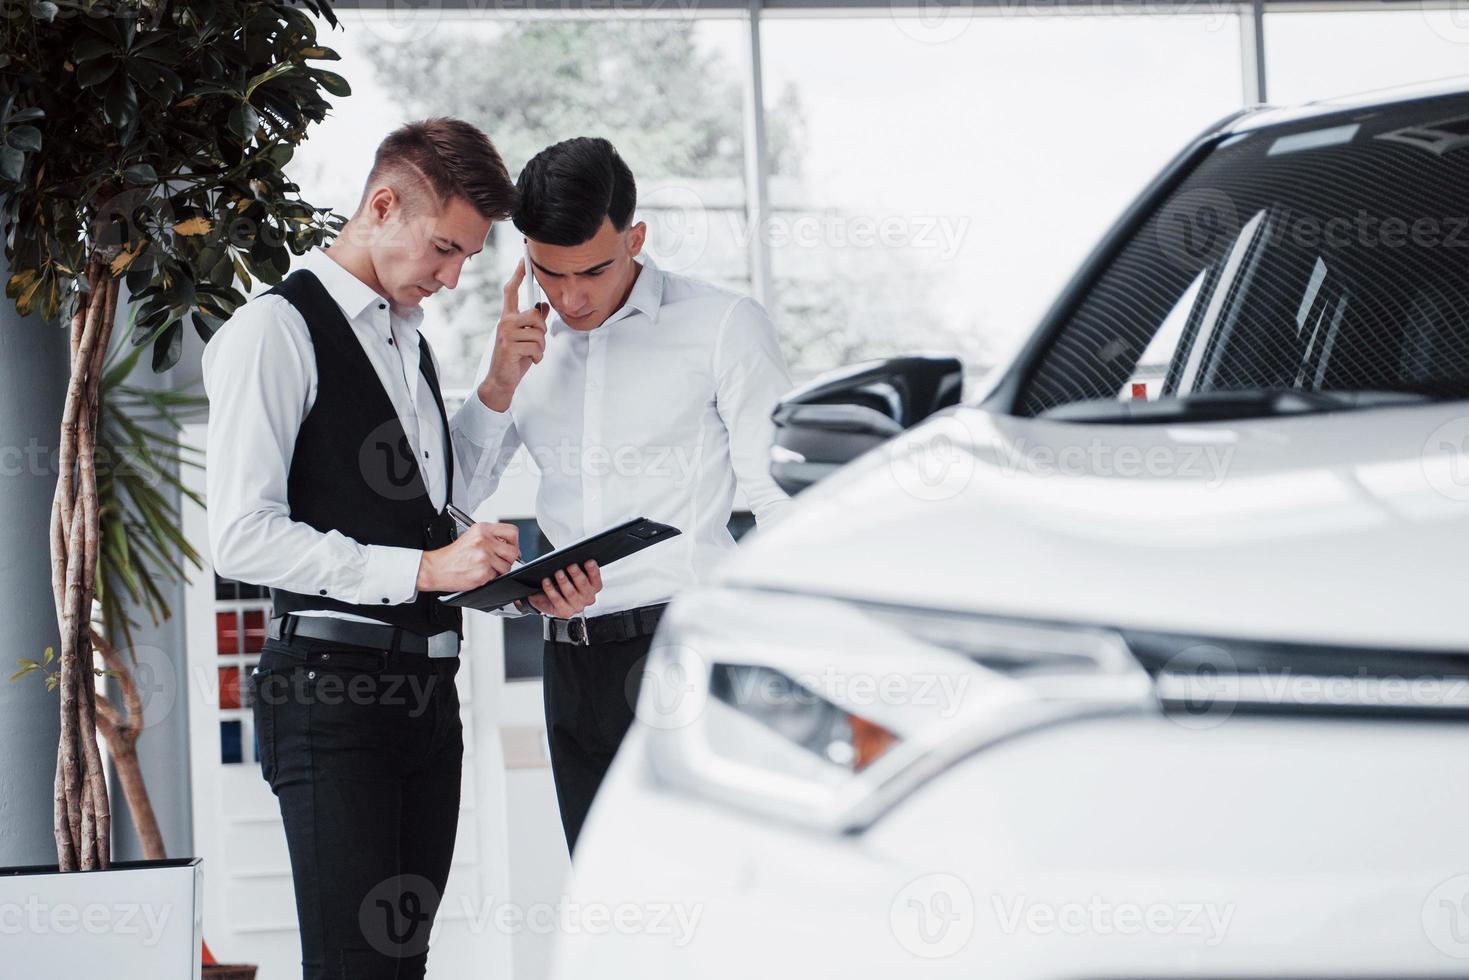 dois homens estão no showroom contra carros. close-up de um gerente de vendas em um terno que vende um carro para um cliente. o vendedor dá a chave ao cliente. foto
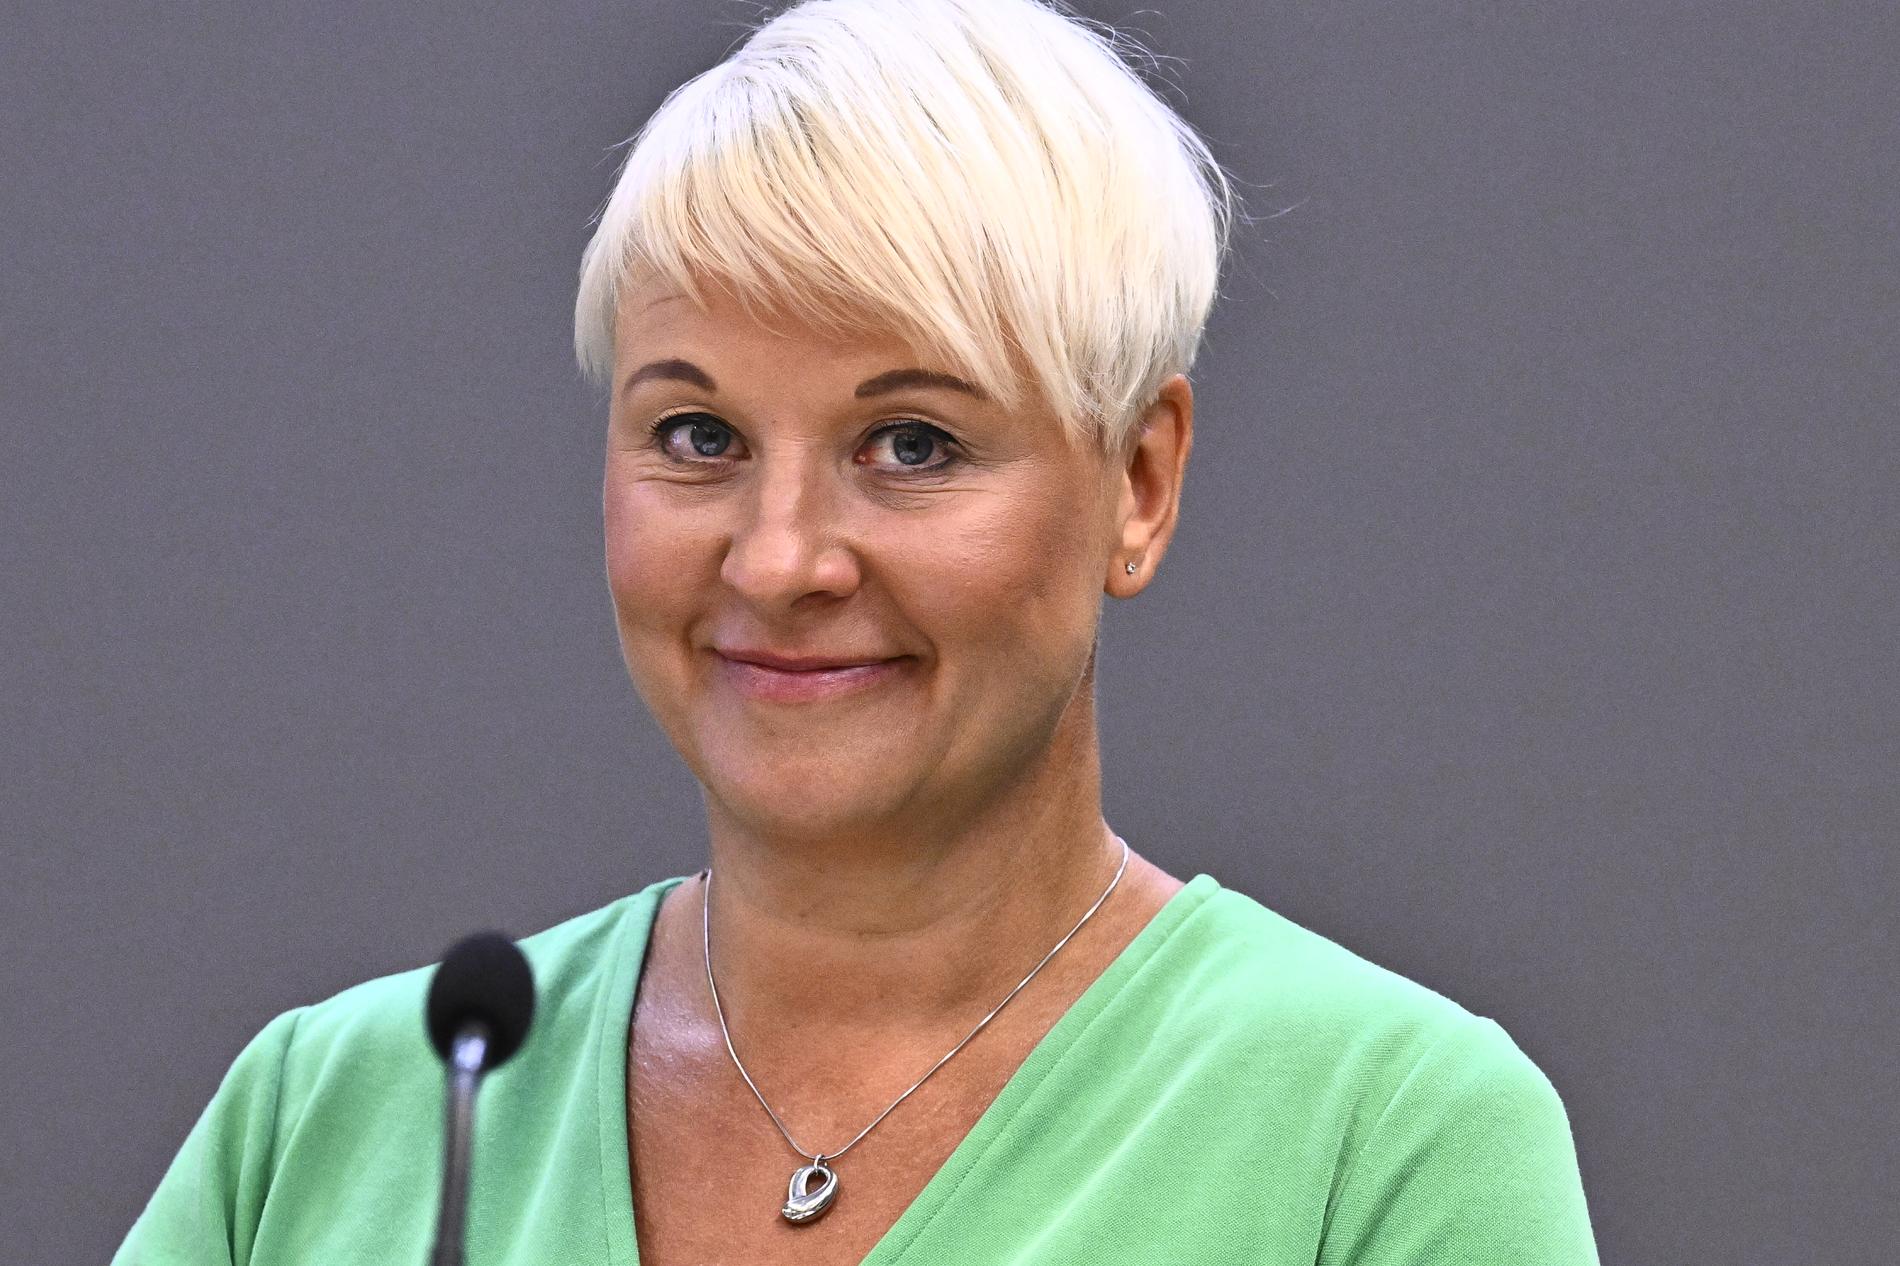 Äldre- och socialförsäkringsminister Anna Tenje (M) planerar infomöten om riksdagens pensionsgrupp och ett slags trohetslöfte från SD, MP och V om de ska få vara med i gruppen som sätter ramarna för det system som styr svenskarnas pensioner. Arkivbild.
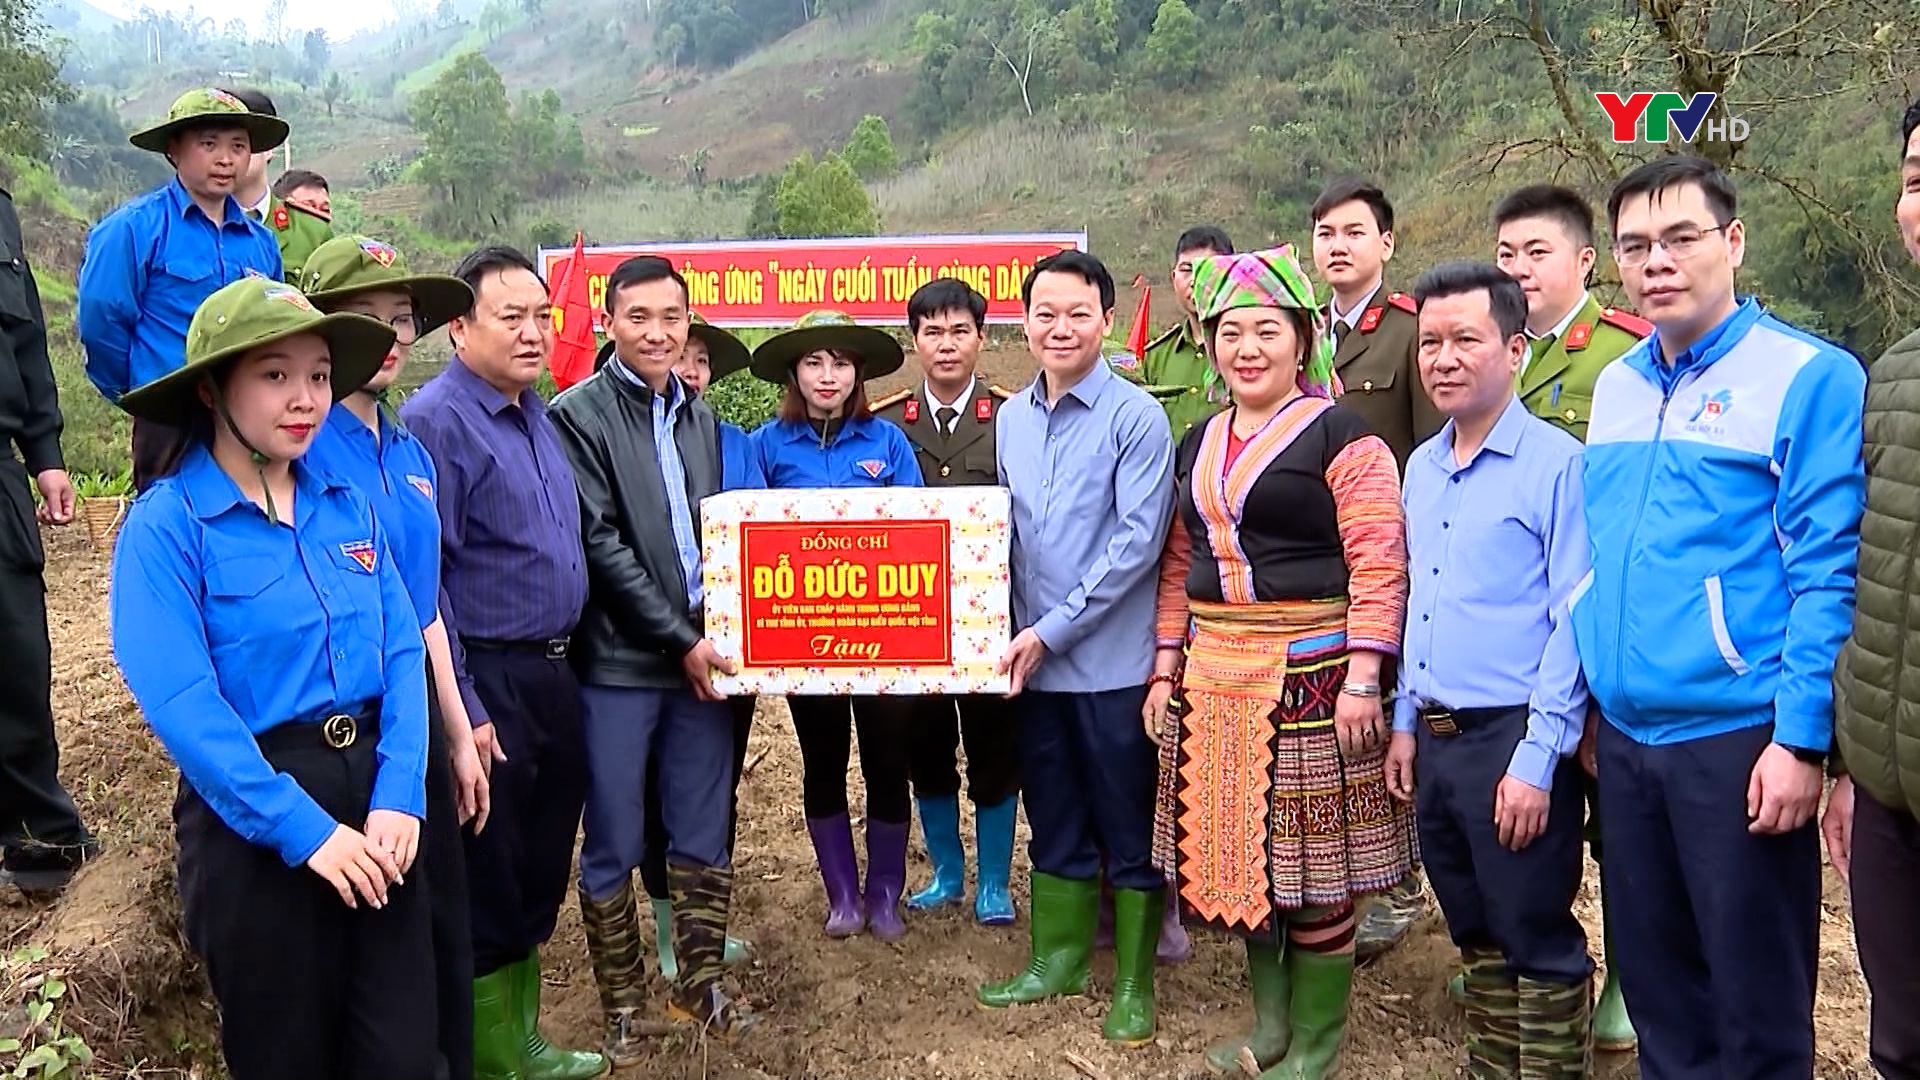 Đồng chí Bí thư Tỉnh ủy Đỗ Đức Duy trồng cây khoai sọ cùng đồng bào Mông xã Bản Mù, huyện Trạm Tấu

(TASK PROMPT) Would you restate word for word only the lines from the one containing "Äldre- och socialförsäkringsminister" to the final line of the material, both ends included, without any pictures?

(SOLUTION BELOW)
 Äldre- och socialförsäkringsminister Anna Tenje (M) planerar infomöten om riksdagens pensionsgrupp och ett slags trohetslöfte från SD, MP och V om de ska få vara med i gruppen som sätter ramarna för det system som styr svenskarnas pensioner. Arkivbild.
 Đồng chí Bí thư Tỉnh ủy Đỗ Đức Duy trồng cây khoai sọ cùng đồng bào Mông xã Bản Mù, huyện Trạm Tấu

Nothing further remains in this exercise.